Initially we will talk about the dataset that will be used for models training.
Spent some time for the neural network architecture understanding.
Work with data preparation using native tools for each framework.
Build models for each framework.
Analyze the results.

Also, the full version of the source code for our tutorial is available on github repository. It also contain requirements.txt file so it would be super easy for you to setup the environment.

Dataset description

In machine learning the best way to explore a new technology or to conduct fast experiments is to use a simple dataset. In this tutorial we decided to use MNIST dataset. MNIST is an image classification dataset that consist of hand-written digits from 0 to 9 (Figure 1). Each sample is 28х28 gray-scale image. The dataset is split into training and testing subsets with 60000 and 10000 images respectively.

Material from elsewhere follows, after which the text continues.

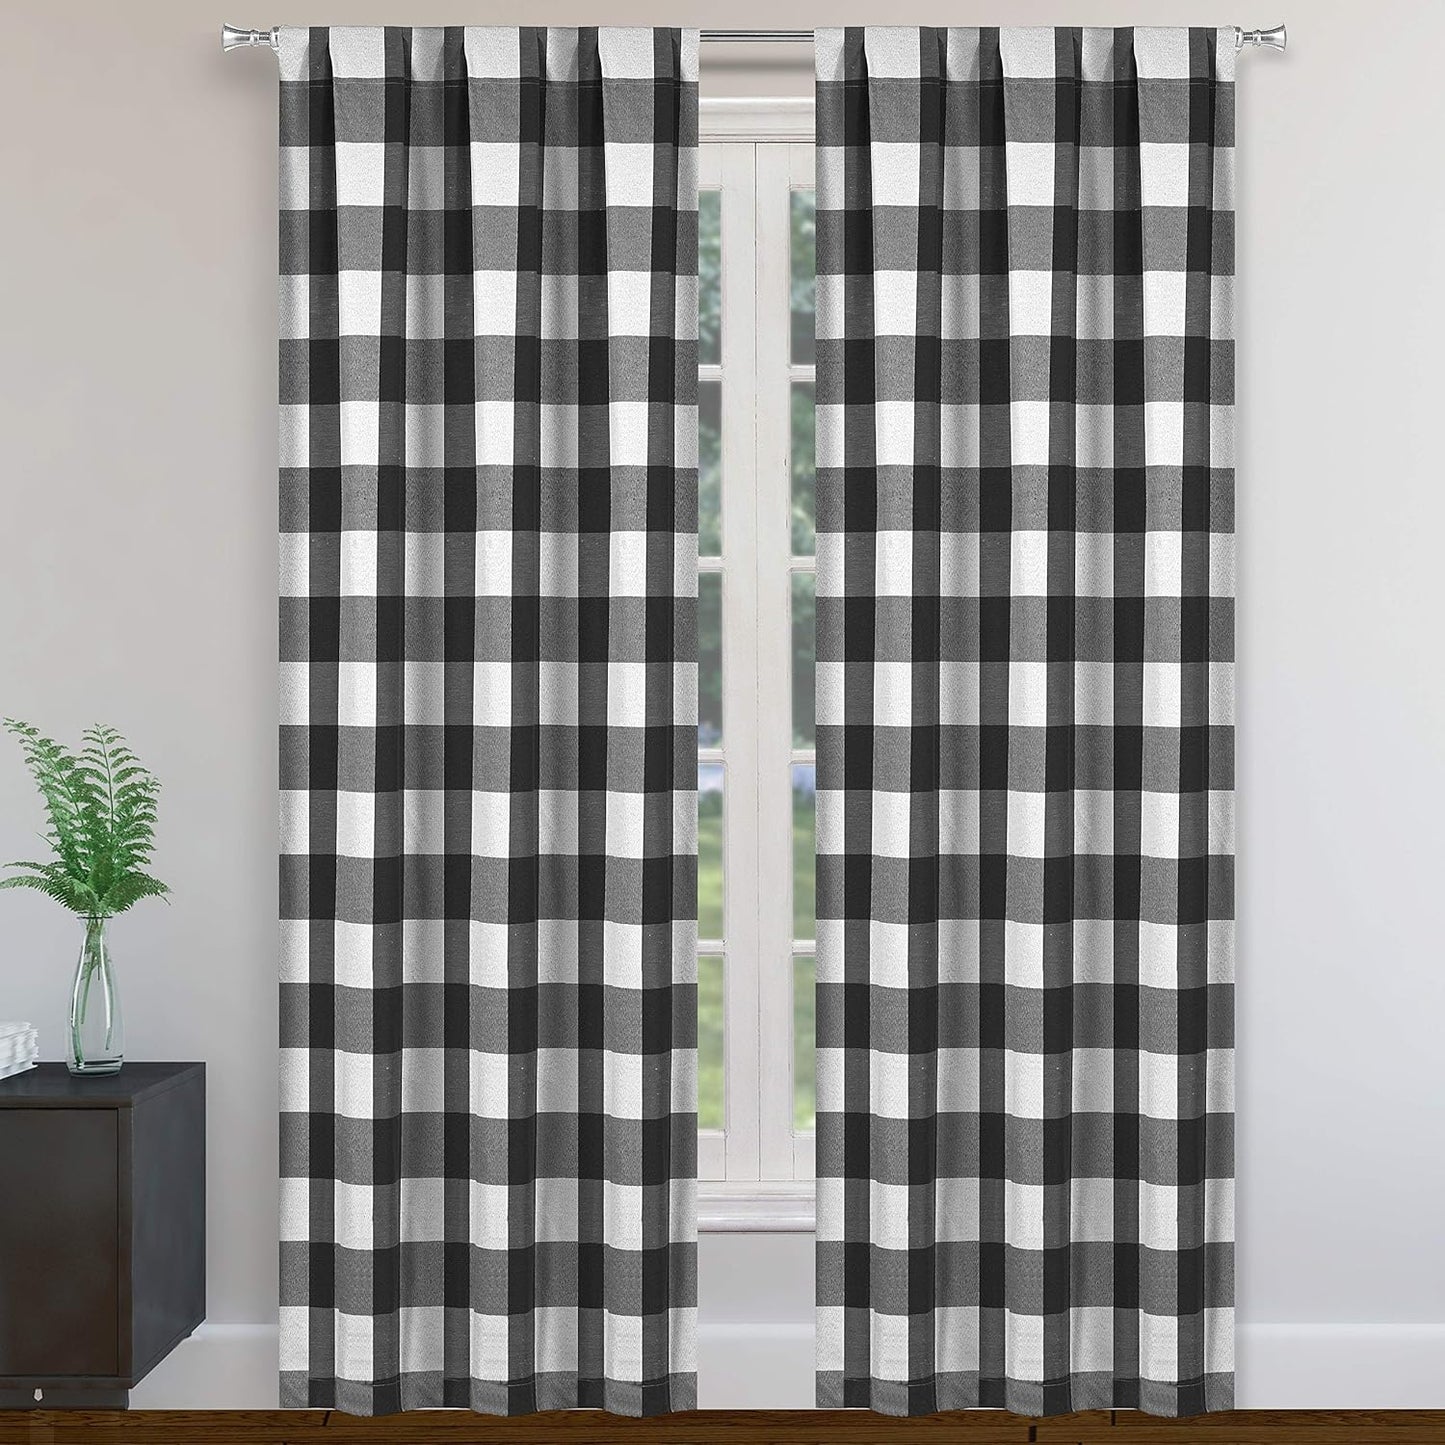 Blackout 365 Aaron Checkered Set Buffalo Plaid Blackout Bedroom-Insulated and Energy Efficient Rod Pocket Window Curtains for Living Room, 37 in X 84 in (W X L), Grey  Blackout 365 Black (Rod Pocket) 37 In X 84 In (W X L)

Figure 1. Example of the images from MNIST dataset

One more advantage here is that we don't need to have GPU for the model training. Dataset is enough small and you can easily train network without any acceleration just using your CPU.

⚙️ Architecture explanation

We will not start to train models immediately - it would be boring and not informative. So let's start our coding exercise from the general explanation of the neural network architecture that we are going to use. To my mind the best way to understand something is to create visualization if it is possible. Fortunately in our case we can do this and even will build an animation that will construct step by step our neural network. But initially we need to import all required libraries.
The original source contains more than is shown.